1998 Encounters with “the Other,” Encounters with “Ourselves:” Musical Migrations, pp. 1-69; Popular Music, pp. 126-172, in Adrienne Kaeppler and Jacob Love, eds., Australia and the Pacific Islands. NY: Garland. (Reference section of Music Library)
Part I (three weeks)--Jan. 28 & 30, Feb. 4 & 6, Feb. 11 & 13
‘Are’Are Panpipe Music of Malaita, Solomon Islands
The invention of polyphony in Melanesia is strongly tied to panpipe music. The best-known case study of both panpipe manufacture and the development of multiple styles of polyphonic forms (including solo) is the ceremonial music of the ‘Are’Are people of Malaita in the Solomon Islands, whose instrumental music was extensively documented in articles, recordings, and videos by Hugo Zemp. We will concentrate on the ‘Are’Are materials, but also talk about the We will also locate Solomons music in the history of popular bamboo band music in the Solomons since the 1930s, and in two recent global media stories. The first is the sound of “Melanesian Choirs” used in the soundtrack of the Hollywood film “The Thin Red Line.” The second concerns a Zemp recording from North Malaita, a Baegu lullaby “Rorogwela” sung by Afunakwa, sampled (without license) in 1992 by the Belgian group Deep Forest.

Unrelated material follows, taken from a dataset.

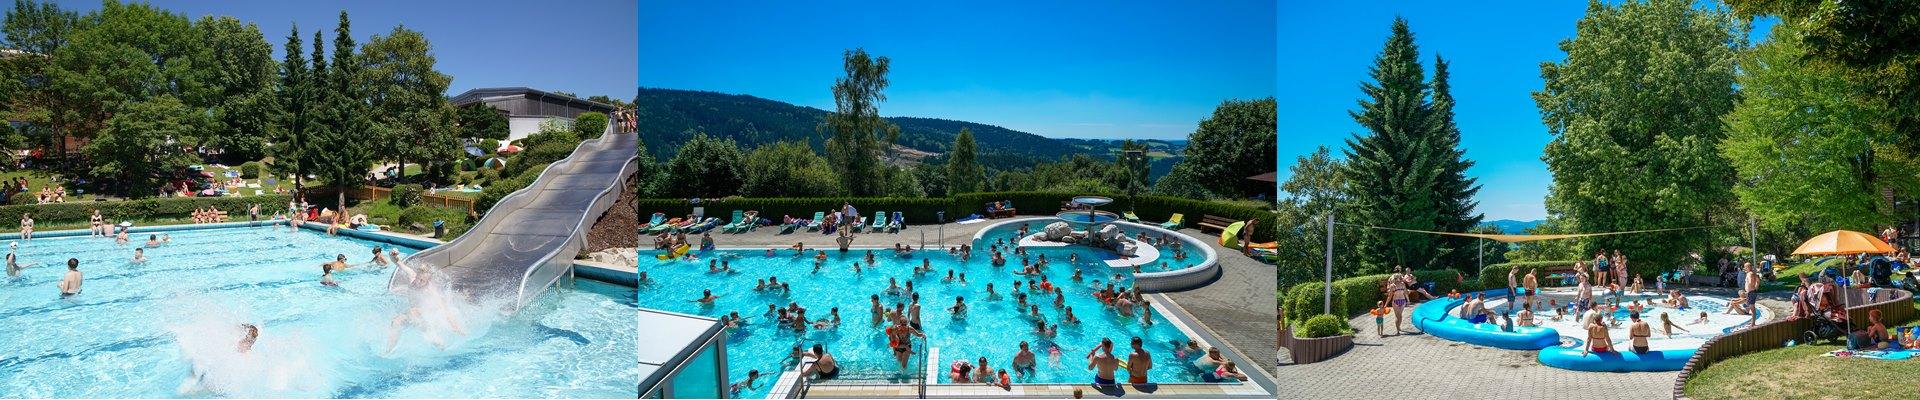 Der Karoli-Badepark – das Freibad

The result became the hit song “Sweet Lullaby” that was featured on the Deep Forest Record (more than three million sold), and later used as advertising background music for a Neutrogena TV commercial.
1978 ‘Are’Are Classification of Musical Types and Instruments. Ethnomusicology 22(1):37-67.
1979 Aspects of ‘Are’Are Musical Theory. Ethnomusicology 23(1):6-48.
1979/1993 ‘Are’Are Music, pts. 1- 2-3 (2 videos). CNRS/SEM.
1994 ‘Are’Are Panpipe Ensembles (2CD/booklet). Le Chant du Monde.
1995 ‘Are’Are Intimate and Ritual Music (CD/booklet). Le Chant du Monde.
(Other books, articles, and LPs by Zemp are only available in French editions; copies will be made available to you if you read French and wish to pursue more about the ‘Are’Are and other peoples of Malaita, Solomon Islands.)
2000 A Sweet Lullaby for World Music. Public Culture 12(1): 145-172.
Reprinted in Arjun Appadurai, ed, Globalization. Duke University Press, 2002.
Part II (4 weeks): Feb. 18 & 20, Feb. 25 & 27, Mar. 4 & 6, Mar. 11 & 13
The Bosavi People of Papua New Guinea
Indigenous New Guinea (Melanesia) music culture through the lens of a society in the Papua New Guinea highlands studied by the instructor for the last 25 years. The emphasis will be on the ethnography of music and the anthropology of sound, including symbolism, style, and key Melanesian music issues like gender, cosmology, poetics, and “song maps”. We will survety the history of Bosavi musics, including the new guitar music of the 1990s.
Feld, Steven 1990, Sound and Sentiment, U. Pennsylvania Press (2nd edition).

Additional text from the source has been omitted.